Monday, May 13, 2013


They tell you to not cry over spilled milk, but when you’re two year old dumps your fresh hot latte all over the car while you’re nursing another child, well it’s hard not to. Especially when said latte was supposed to be your breakfast and lunch.

Then there’s after a long, late night nursing session, when your baby decides to thank you by vomiting up all of her dinner.  That’s a horrific case of spilled milk, because it requires clean up and changing and, worst of all, more late night feeding and less late night sleeping. It’s almost as painful as the time I dumped a bottle full of hand expressed milk. I still cry thinking about it.

I ran everyone to bed early tonight, because I’m feeling so very tired. It’s like the last three weeks have finally caught up with me. Of course the father figure has been snoring for the last three hours. Because he’s tired. I wanted to hit him, but that involved putting Gestated Cinco down, and that’s 
just not an option right now and it also required more effort than I can muster.  So I’ll mutter things sarcastically to him while he’s sleeping, in the hopes of permeating his dreams.

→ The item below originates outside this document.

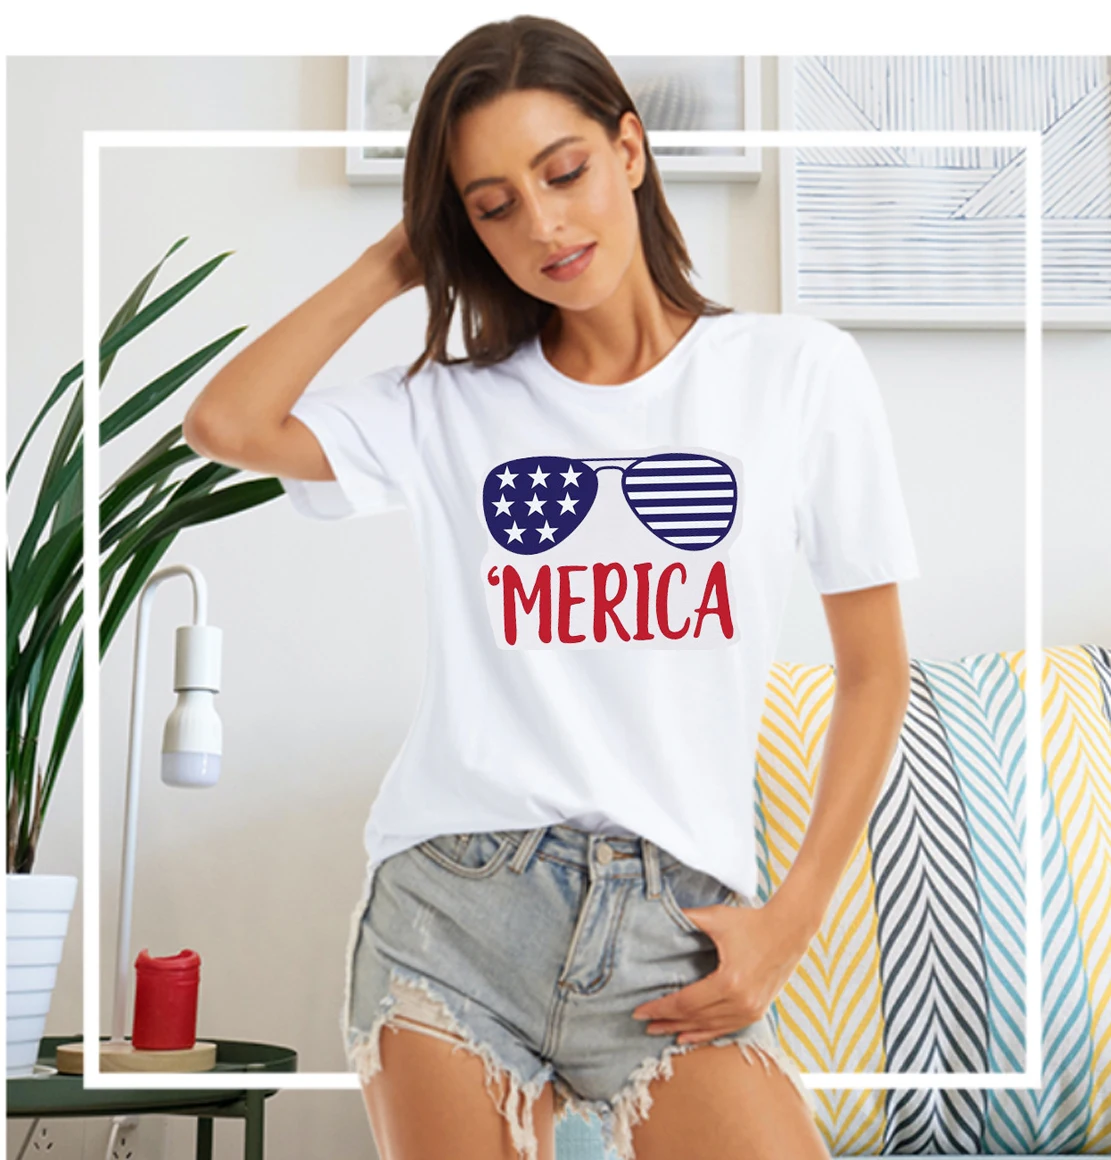 

YRYT New Summer Women's Top Merica American Flag Sunglasses Independence Day Print Short Sleeve T-shirt

The problem with having a relaxing, calm Mother’s Day is that it just helps reinforce how very, very tired you really are. Gestated Cinco was born almost four weeks ago and I have yet to have a day off. Well, there was the day after she was born, but even then, I didn’t get to sleep until 4am. We left the hospital and ran errands, I kid you not. The next day I was at Baby’s soccer game, doughnuts in hand for her birthday, while listening to mandatory job training. It’s been nonstop. Partly because of how the father figure’s job situation played out, partly because our living situation doesn’t allow me to relax ever, and gas prices require me to consolidate trips. I’ve laughed about being a failure as at the whole stay at home aspect of motherhood, but I’m not laughing anymore. I’m just eating copious amounts of m&ms. 

Which might not be what Gestated is looking  for in her diet. Which than might explain why she is so not 
interested in anything but being held by me. But she’s perfectly cute so I’m down with that.

But it makes typing hard. And I gots my priorities. Not to mention that if she happens to drift off, I have a better chance of drifting off myself. And as it stands now, she's fascinated by the big, bright computer screen.